In the past several years, we’ve seen health care coverage in the headlines, between the enactment of the Affordable Care Act and then the Tax Cuts and Jobs Act repealing the individual mandate that all Americans obtain health insurance. Of course, all of this was of little consequence to you if you were covered by a group health plan at work or if you were under the age of 26 when you could remain on your parents’ insurance plan.
Recent graduates who are accepting jobs might think that they’ve got an easy ride since their new employer offers a group health plan. However, truth is, navigating group health plans can be complicated. Employers have a wide variety of the types of plans they can offer to employees. Employers may also offer more than one option for employees to choose from.

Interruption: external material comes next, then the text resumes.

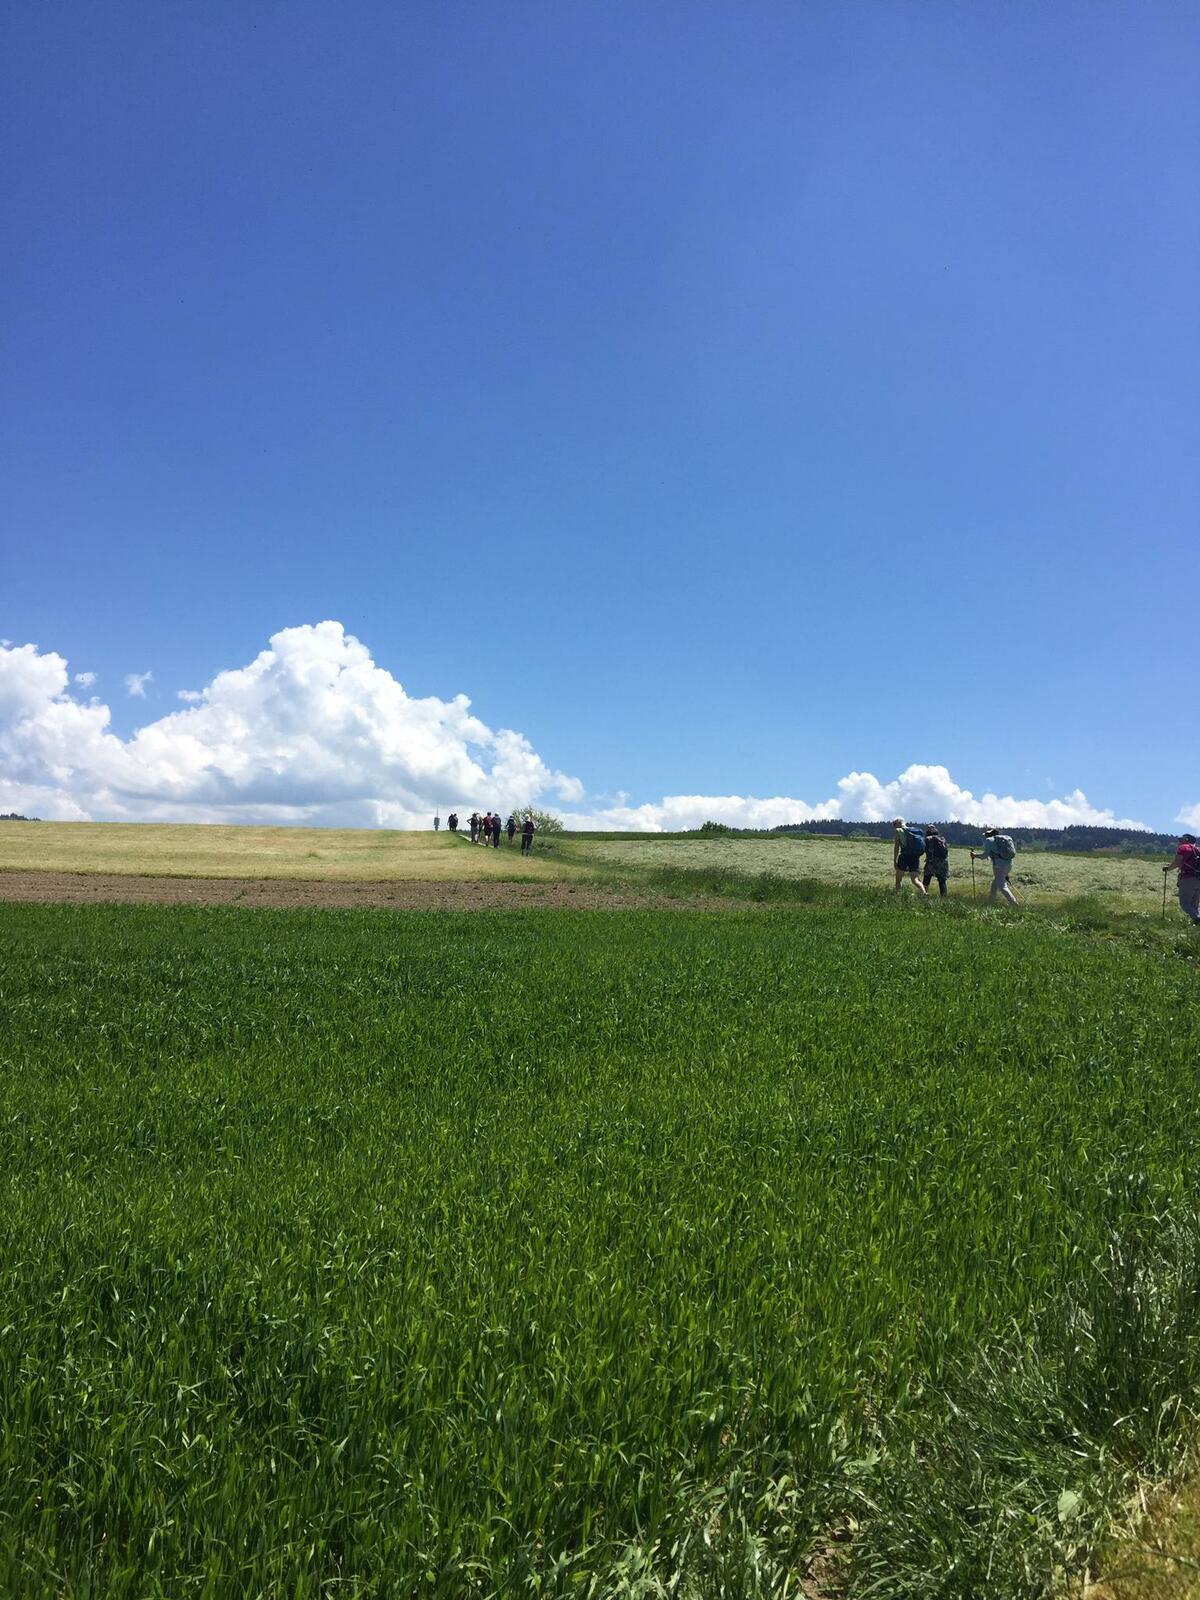 Mardi 1 juin : Grangettes près Romont Villargiroud

Fee-for-service plans generally allow you to see any doctor or specialist you choose. You are billed for the services and reimbursed by the insurance company for claims you submit. Like most policies, you first must satisfy the deductible, or the amount you must pay before your insurance plan kicks in. Later claims are then reimbursed at a specified percentage, for example, the plan may reimburse your costs up to 80%.
Managed care plans contract with a network of health care professionals. These are then divided into health maintenance organizations (HMOs), preferred provider organizations (PPOs) and point-of-service plans (POS). With all three, you may pay monthly through a payroll deduction for coverage, or if you’re fortunate, some employers may help defray the premium cost. You’ll generally pay a co-payment when you visit a physician. With HMOs, you are limited to doctors and pharmacies contracted by the plan. It may also be more difficult to get access to a specialist, as your primary care physician must be the one to refer you for care.
Preferred provider organizations usually have a larger network of doctors and specialists and services are billed at a contracted “discounted rate” that the insurance company has negotiated, based on actuarial tables of “reasonable and customary fees.” Because you have more flexibility in your choice of professionals, your out-of-pocket costs may be higher. Point-of-service plans combine features of HMOs and PPOs.
With these types of managed care plans, an employer may offer a flexible spending account (FSA), which allows employees to save money pre-tax to pay for medical expenses throughout the year. The benefit is that flex spending accounts are often front-loaded in that an employee has access to the elected deferral amount, despite that contributions are made via payroll deduction throughout the year. The drawback to FSAs is that money contributed is use-it-or-lose-it on an annual basis.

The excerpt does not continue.